The first 20% of tax relief is usually delivered automatically as your pension provider will claim it as tax relief and add it to your pension pot. This is known as ‘relief at source’.
If you are a higher rate or additional rate taxpayer, you can then claim back any further reliefs on your self-assessment tax return. For example, every £1 invested by a higher rate taxpayer in pension contributions is effectively worth about £1.66 and every £1 invested by an additional rate taxpayer is worth around £1.80.
The Income Tax rates are different in Scotland and this means that the tax relief on pension contributions is calculated slightly differently.
- A starter rate taxpayer (in Scotland) pays 19% Income Tax but receives 20% pension tax relief.
- A basic rate taxpayer (in Scotland) pays 20% Income Tax and gets 20% pension tax relief.
- An intermediate rate taxpayer (in Scotland) pays 21% Income Tax and can claim 21% pension tax relief.
- A higher rate taxpayer (in Scotland) pays 41% Income Tax and can claim 41% pension tax relief.
- An additional rate taxpayer (in Scotland) pays 46% income tax and can claim 46% pension tax relief.
The annual allowance for tax relief on pensions has been fixed at £40,000 since 6 April 2014. This means that the most you can pay into pensions in a single tax year is £40,000.
Any contributions over this limit will not attract Income Tax relief and you may also have to pay an annual allowance charge. HMRC does not tax anyone for going over their annual allowance in a tax year if they retired and took all their pension pots because of serious ill health or if they died.
The annual allowance is further reduced for high earners. Since 6 April 2020, the tapered annual allowance increased from £150,000 to £240,000. This means that anyone with income below £240,000 is no longer affected by the tapered annual allowance rules. Those earning over £240,000 will begin to see their £40,000 annual allowance tapered. For every complete £2 income exceeds £240,000 the annual allowance is reduced by £1. The annual allowance can also be lower if the taxpayer flexibly accessed their pension pot.
There is also a lifetime limit for tax relief on pension contributions that needs to be considered. The limit is currently £1,073,100 (2020-21). The lifetime allowance is the maximum amount of pension benefit that can be drawn from pension schemes and that can benefit from tax relief.
The rate of tax you pay on pension savings above your lifetime allowance depends on how the money is paid to you - the rate is:
- 55% if you get it as a lump sum; or
- 25% if you get it any other way, for example, pension payments or cash withdrawals.
There is a three-year carry forward rule that allows you to carry forward previous years unclaimed allowances for up to three years. You do not need to report this to HMRC.

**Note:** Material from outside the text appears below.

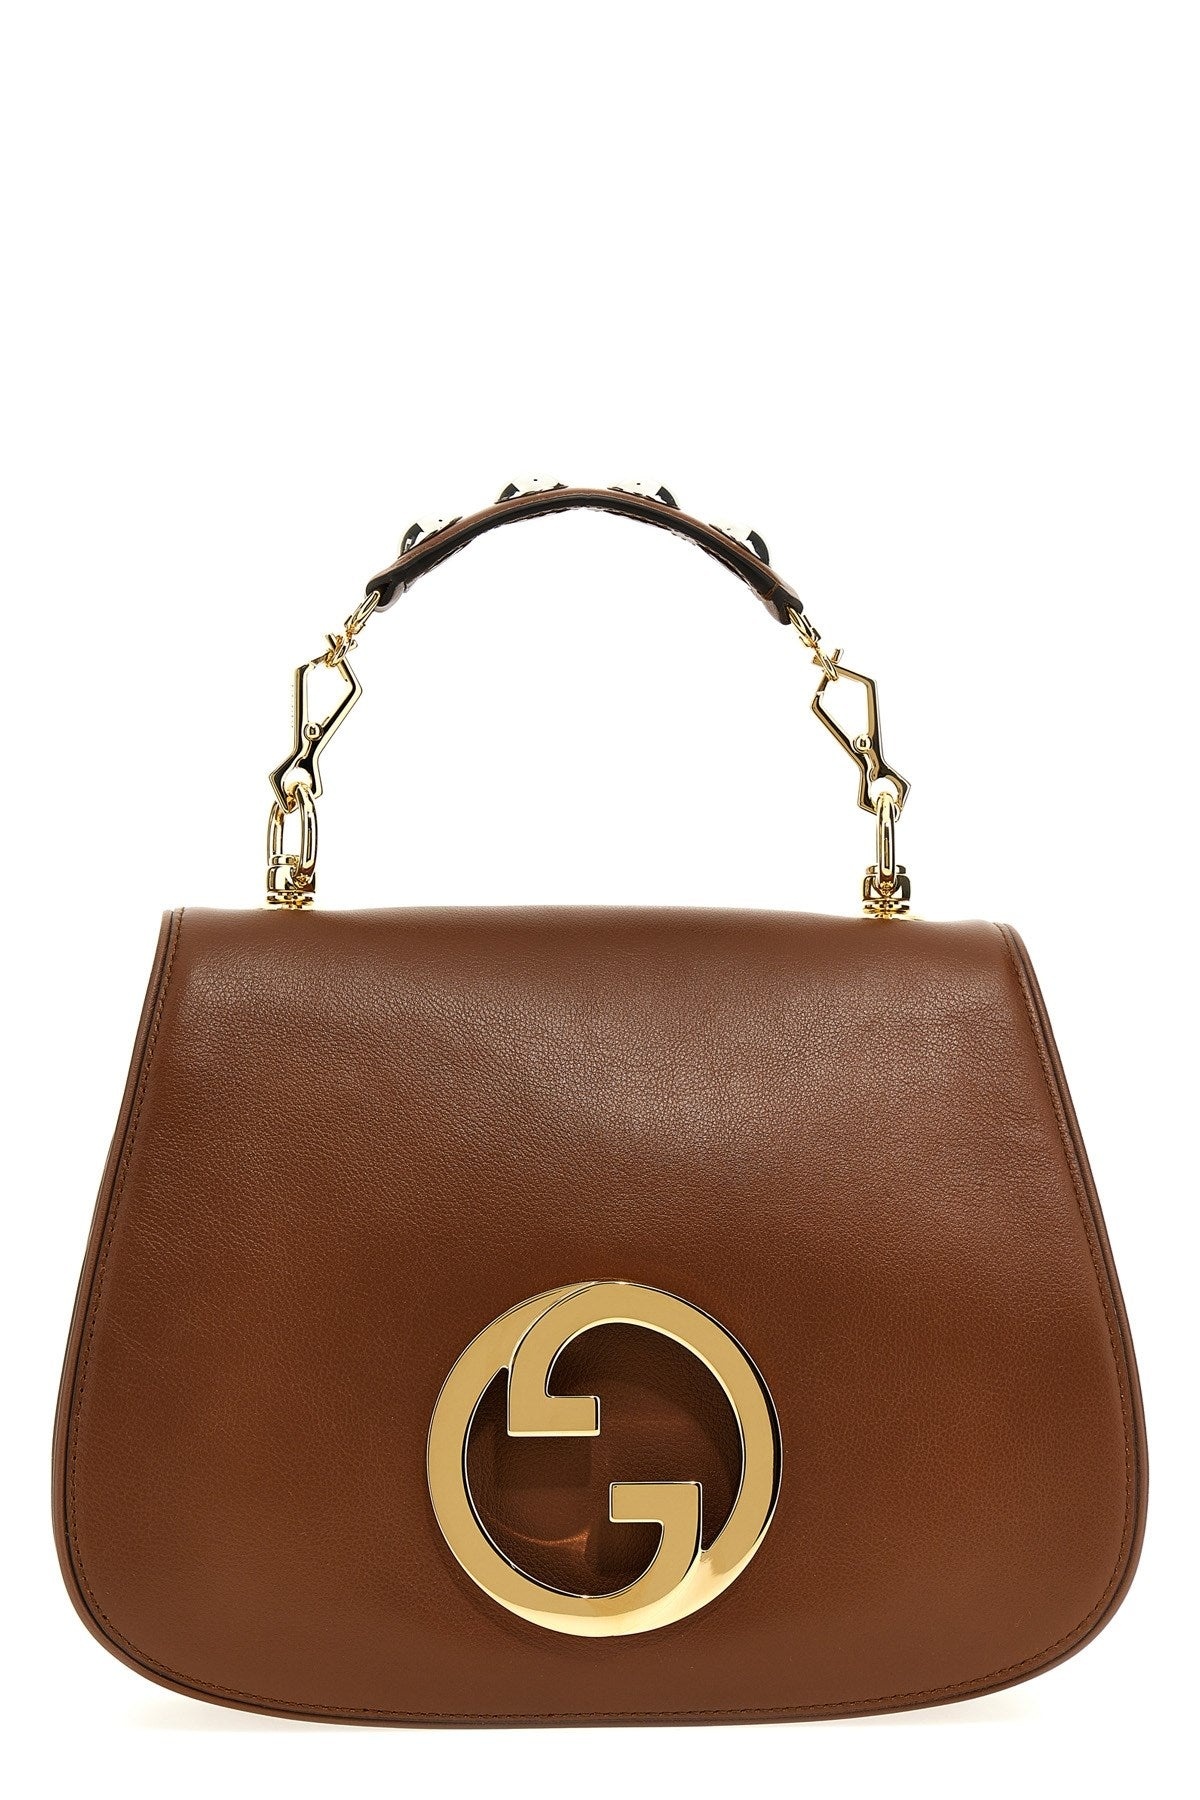 Gucci Women 'Blondie' Small Handbag - 1

If you have unused annual allowances for more than one year, you need to use the allowance in order of earliest to most recent. Any remaining balances can be used in future tax years, subject to the usual time limits.
The calculation of the exact amount of unused annual allowance that can be carried forward can be complicated especially if you are subject to the tapered annual allowance.